Ergothioneine Mitigates Telomere Shortening under Oxidative Stress Conditions.

Shortened telomeres are associated with aging and age-related diseases. Oxidative stress is thought to be a major contributor to telomere shortening, and antioxidants may be able to mitigate these effects. Ergothioneine is a naturally occurring amino acid with potent antioxidant properties. In order to investigate ergothioneine's effects on telomere length, we cultured primary human fibroblasts under standard and oxidative (10 µM H2O2) conditions and treated cells with 0.04, 0.1, 0.3, or 1.0 mg/ml ergothioneine for 8 weeks. Telomere length measurements were performed using high-throughput quantitative fluorescent in situ hybridization (HT Q-FISH). Treatment with ergothioneine transiently increased relative telomerase activity after 24 h (p < 0.05 for all concentrations).
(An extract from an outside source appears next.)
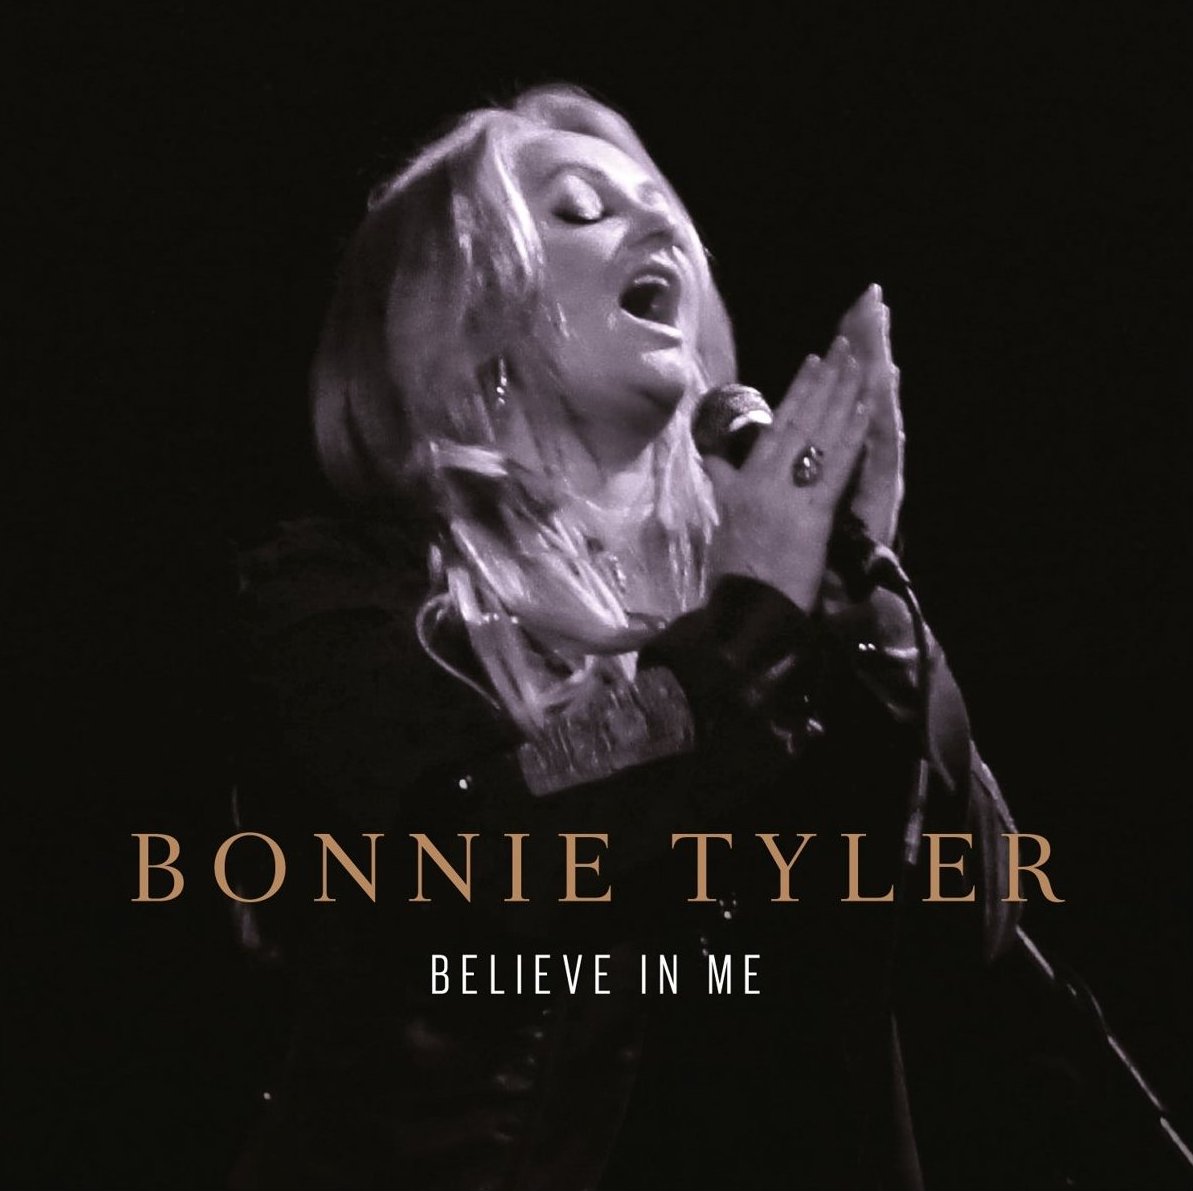 http://4.bp.blogspot.com/--eoCI2X8YWU/UTxcljriljI/AAAAAAAAHAc/ZeTWq0BrOTE/s1600/Bonnie+Tyler+Believe+In+Me.jpg

Under oxidative conditions, ergothioneine treatment resulted in significantly longer median telomere length and 20th percentile telomere length, and significantly reduced the percentage of short telomeres (<3 kilobase pairs) for all treatment concentrations after 8 weeks. Telomere shortening rate was also reduced. Overall, ergothioneine demonstrated beneficial effects by decreasing the rate of telomere shortening and preserving telomere length under oxidative stress conditions. Our data support a potential role for ergothioneine in oxidative stress-related conditions and healthy aging.